Registering New Domain

Prerequisites

  1. (Tenant Admin) Registering the application in your tenant
  2. (PKI Admin) Selecting a Plan
  3. (PKI Admin) Created a Root CA
  4. (PKI Admin) Created a Subordinate CA

Video Version

Overview

In order to request SSL Certificates, you must register the domain you are planning to use. This enables PKI administrators to keep a record of domain ownership, while allowing domain owners to manage approved users or applications that can request certificates for that domain.

Registering a domain

  1. Go to https://portal.ezca.io/
  2. Navigate to Domains.
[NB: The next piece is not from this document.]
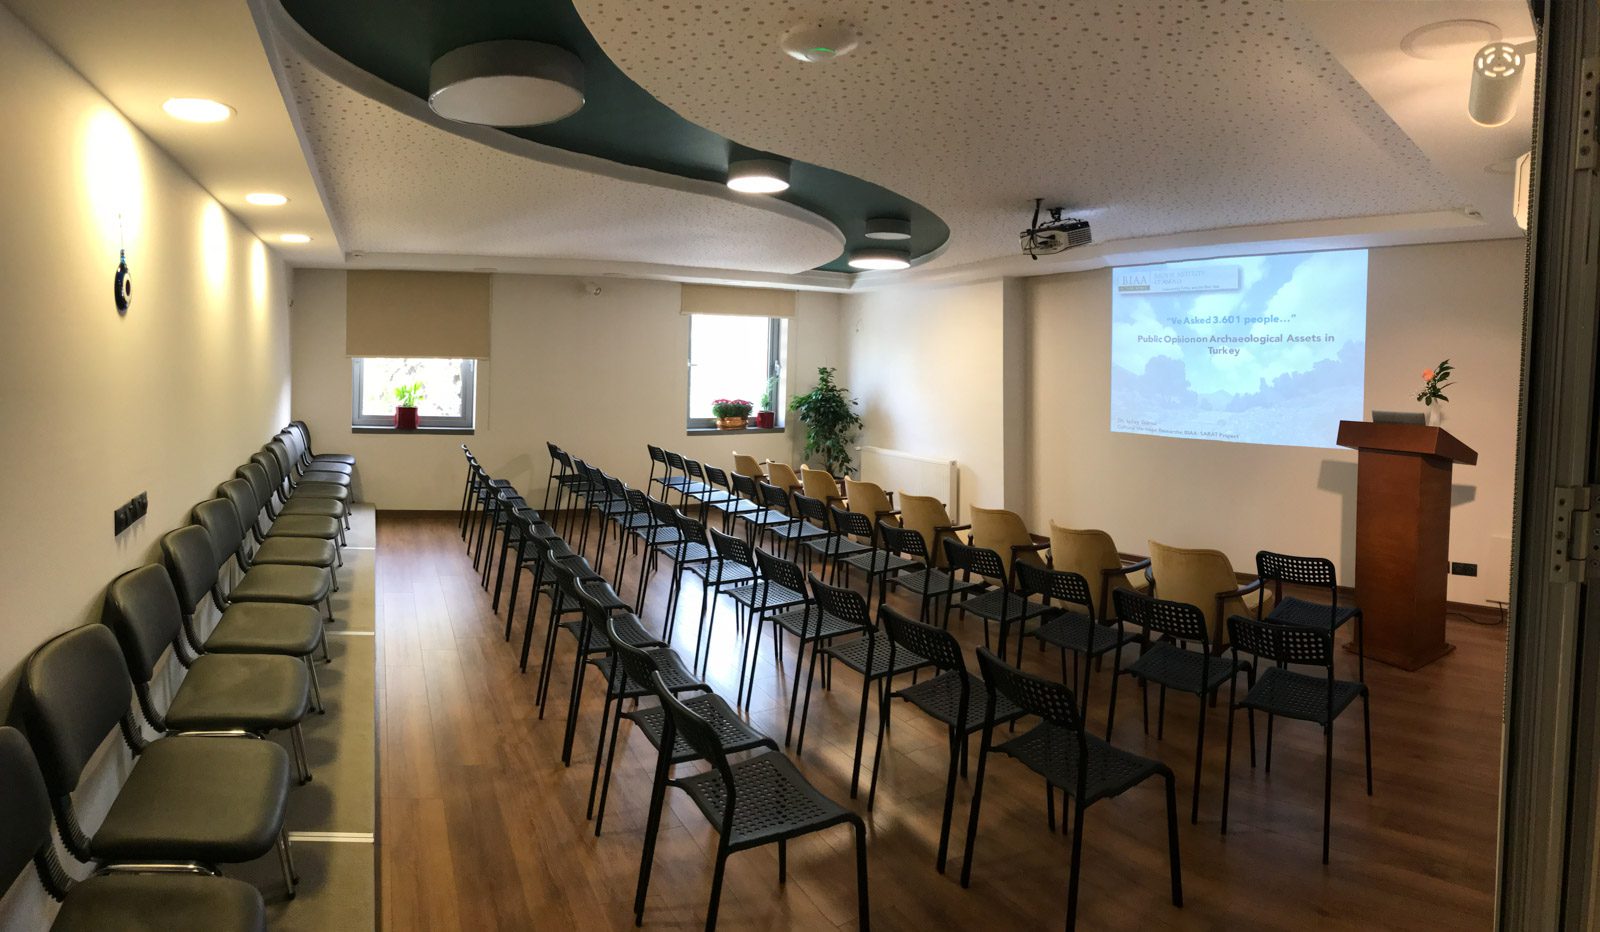 2018 BIAA conference room first set up - 2

Domains Menu
  3. Click on “Register Domain”. Domains Menu
  4. Select your Issuing CA. Registering New Domain
  5. Enter your Domain. Registering New Domain
  6. Enter the domain owners. Domain owners are users or groups that will be allowed to manage who can request certificates for this domain. Note: Owners cannot request certificates, if an owner also needs permission to request certificates the owner must be added as a requester. Registering New Domain
  7. Enter the AAD Objects (User, Groups, Service Principals, and MSIs) that will be allowed to request certificates for this domain. Registering New Domain
  8. Click the “Register Domain” button. Registering New Domain
  9. Now that the domain is registered, create your first certificate

    If domain registration approval is set in CA, This request will be sent to the approvers for them to approve. Dual key approval is enforced, meaning that if you are an approver, someone else will have to approve your requests.